PROBLEM TO SOLVE:
Only the lines from the one containing "Kerovit KBTHS002 Concealed" through the end of the data are wanted, reproduced exactly and without pictures.

RECORDED INFORMATION:
*** Block opens ***

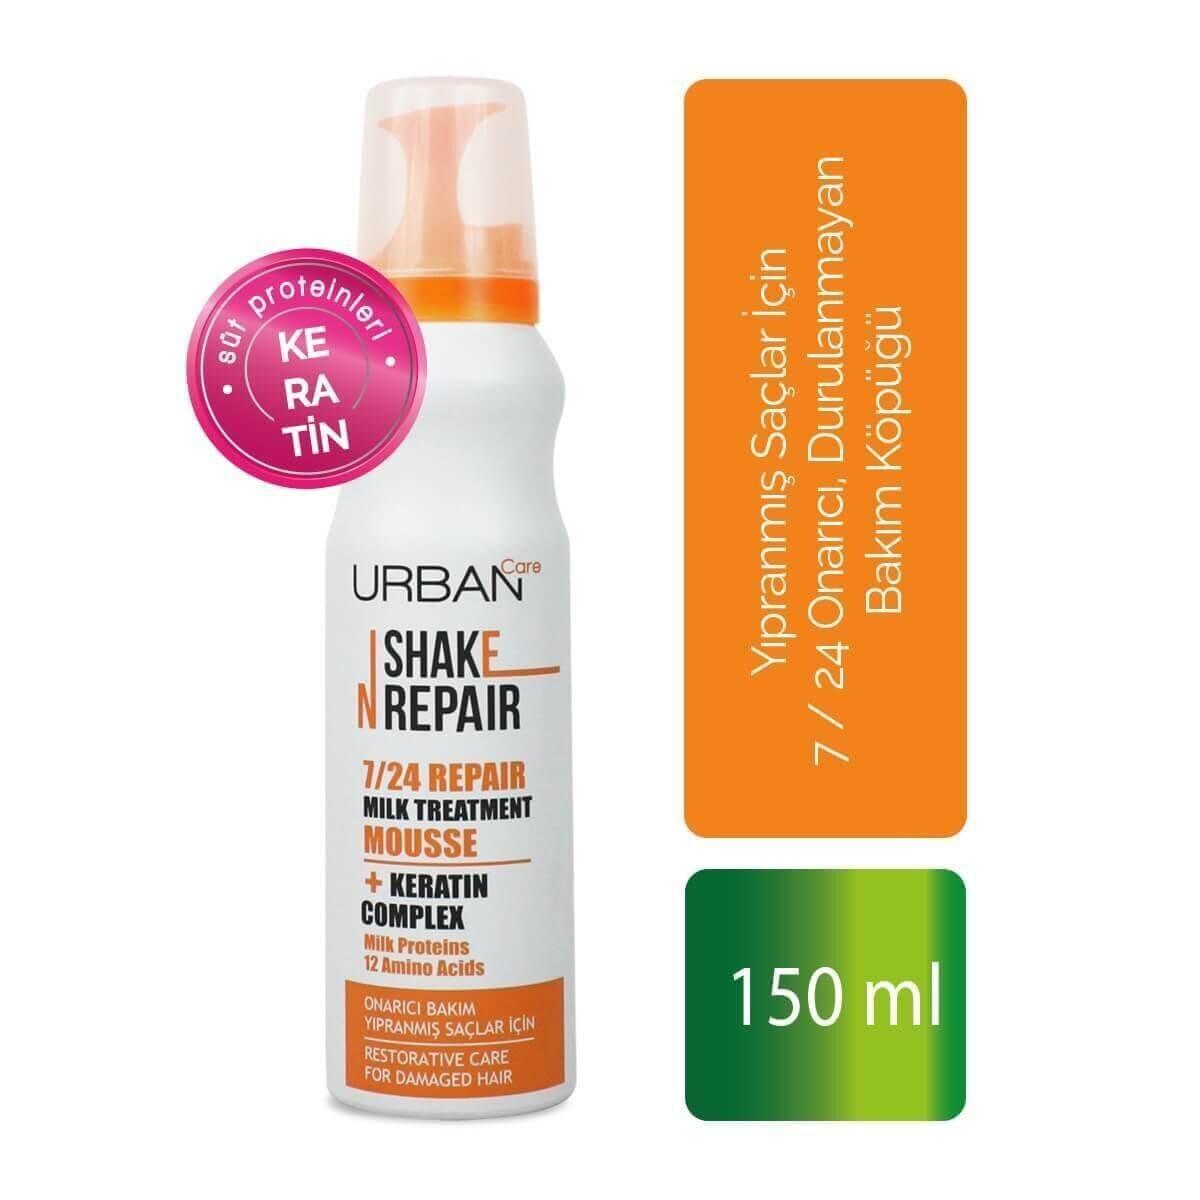 7/24 Shake Repair Milk Treatment Saç bakım Köpüğü 150ml
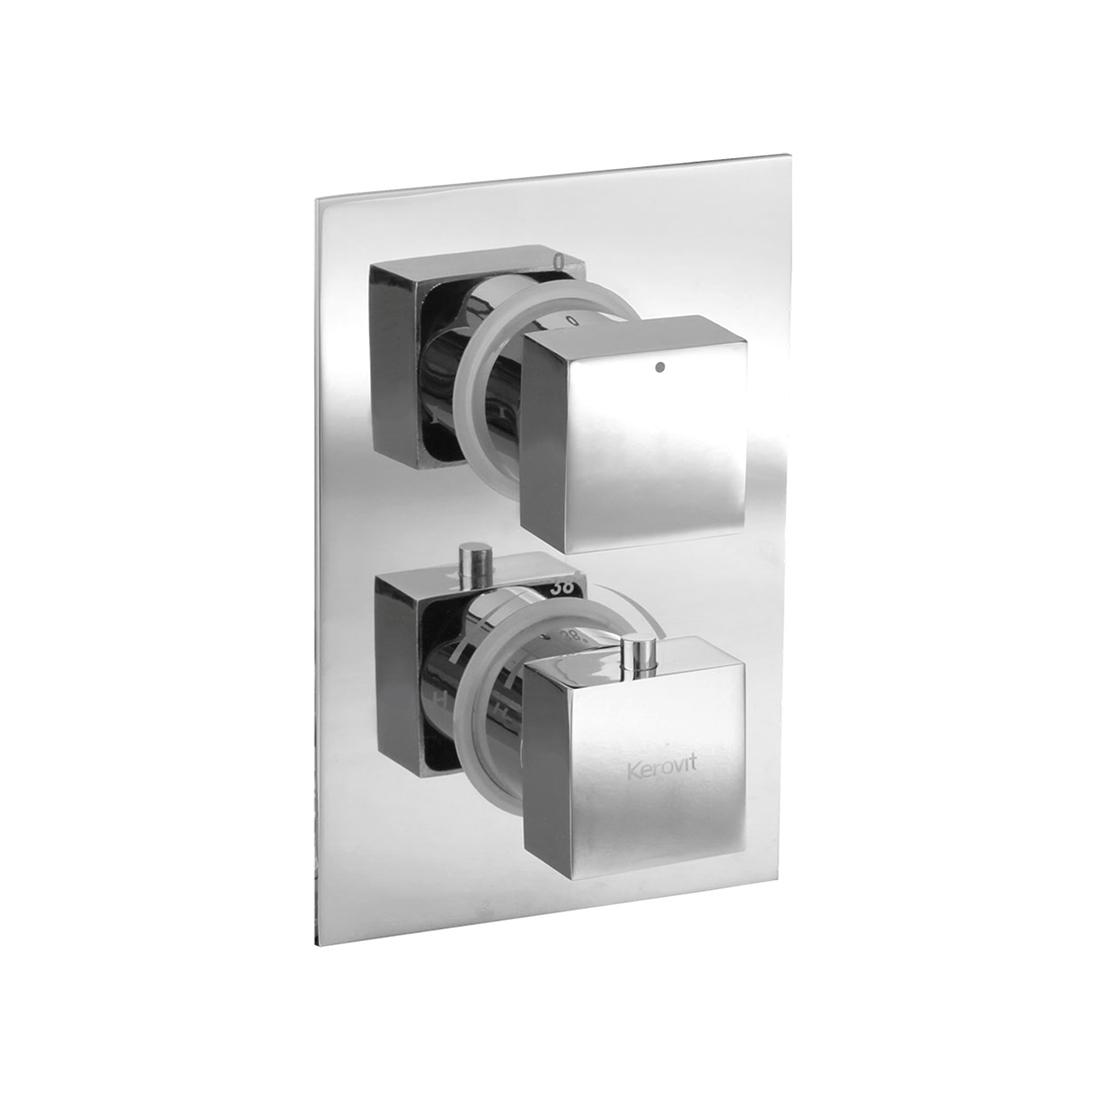 Kerovit KBTHS002 Concealed Hi-Flow Thermostatic Bath and Shower Mixer
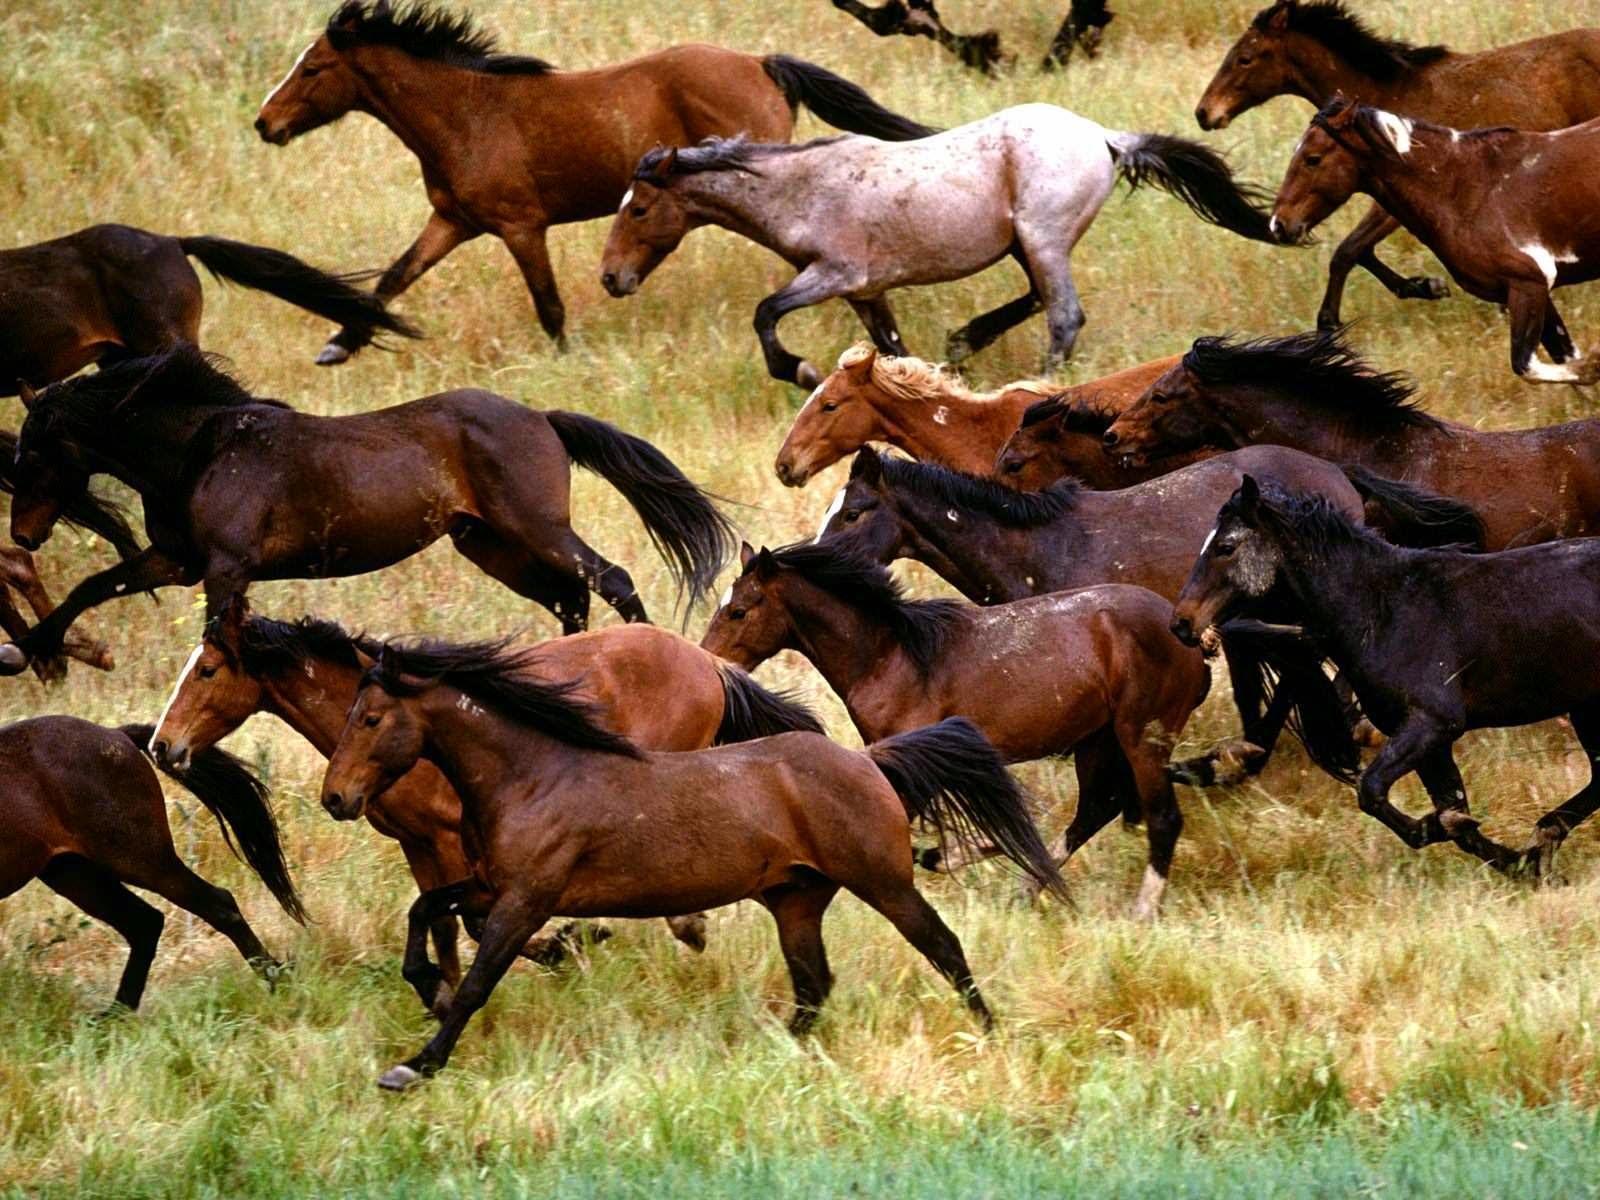 Fantastic   Wallpaper Horse Ultra Hd - wxp%2B(8)  Trends_6610082.jpg
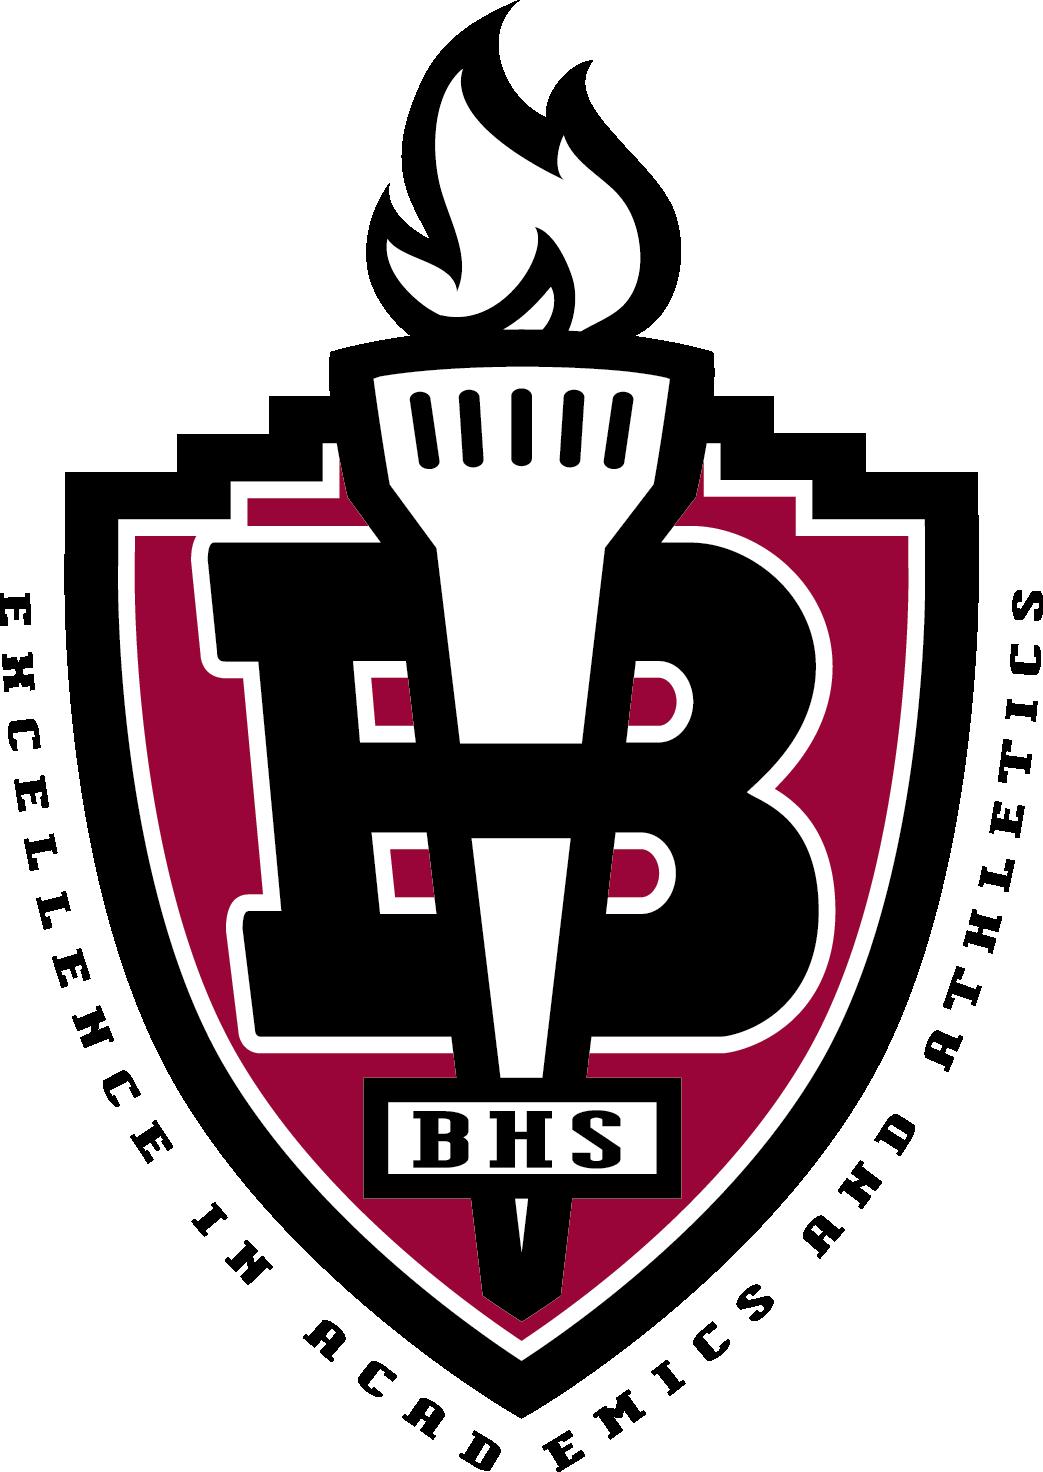 BHS-AcademicLogo

*** Block closes ***

TASK SOLUTION:
 Kerovit KBTHS002 Concealed Hi-Flow Thermostatic Bath and Shower Mixer
 Fantastic   Wallpaper Horse Ultra Hd - wxp%2B(8)  Trends_6610082.jpg
 BHS-AcademicLogo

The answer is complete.